BSc CSIT (TU) Science Mathematics II (BSc CSIT, MTH163) Question Paper 2081 Nepal

Consistency of a Linear System by the Rank Method

Consider $AX = B$, where $A$ is the $m \times n$ coefficient matrix, $X$ the column of $n$ unknowns, $B$ the column of constants, and $[A\,|\,B]$ the augmented matrix. Let $r = \operatorname{rank}(A)$, $r' = \operatorname{rank}([A\,|\,B])$, and $n$ the number of unknowns.

(i) Unique solution

Condition: $\operatorname{rank}(A) = \operatorname{rank}([A\,|\,B]) = n$ (the system is consistent and the rank equals the number of unknowns).

Example: $x + y = 3,\ x - y = 1$.

Here $r = r' = 2 = n$, so there is a unique solution $x = 2,\ y = 1$.

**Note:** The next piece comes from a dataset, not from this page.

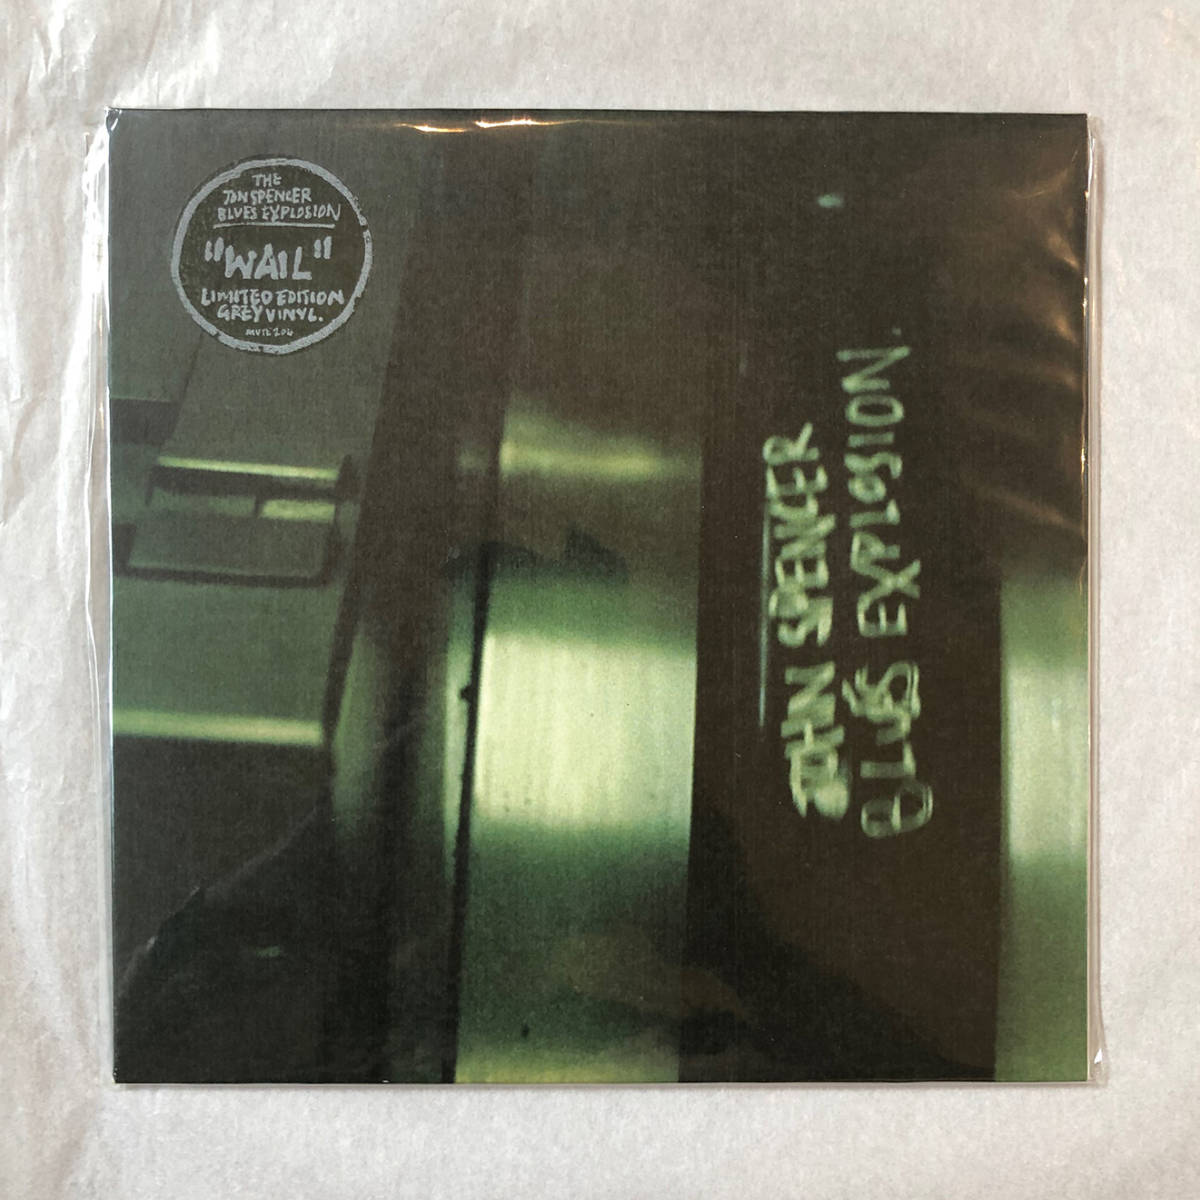 ■1997年 UK盤 オリジナル 新品 THE JON SPENCER BLUES EXPLOSION - Wail 7”EP Limited Edition, Grey Vinyl MUTE 204 Mute_画像1
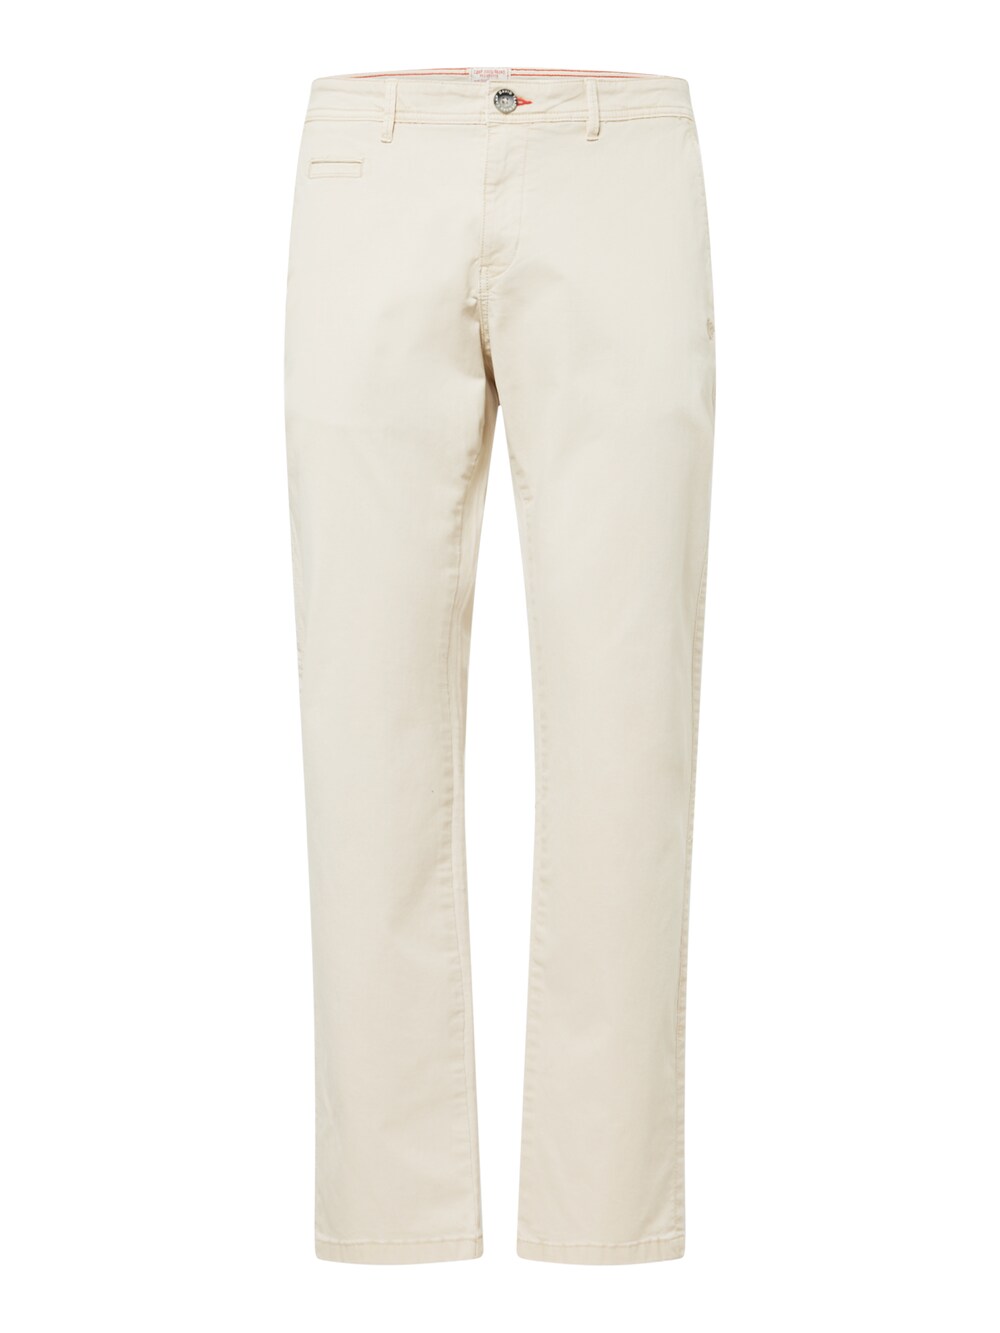 Обычные брюки чинос CAMP DAVID, шерсть белая обычные брюки карго camp david серо коричневый

(ii) Infinitely many solutions

Condition: $\operatorname{rank}(A) = \operatorname{rank}([A\,|\,B]) = r < n$ (consistent, but rank less than the number of unknowns; $n - r$ free parameters).

Example: $x + y + z = 2,\ 2x + 2y + 2z = 4$.

Here $r = r' = 1 < n = 3$, so there are infinitely many solutions (two free parameters).

(iii) No solution

Condition: $\operatorname{rank}(A) \neq \operatorname{rank}([A\,|\,B])$, i.e. $\operatorname{rank}(A) < \operatorname{rank}([A\,|\,B])$ (the system is inconsistent).

Example: $x + y = 1,\ x + y = 3$.

Here $\operatorname{rank}(A) = 1$ but $\operatorname{rank}([A\,|\,B]) = 2$, so the system has no solution.

Summary: Consistency requires $r = r'$; then $r = n$ gives a unique solution and $r < n$ gives infinitely many, while $r \neq r'$ gives no solution.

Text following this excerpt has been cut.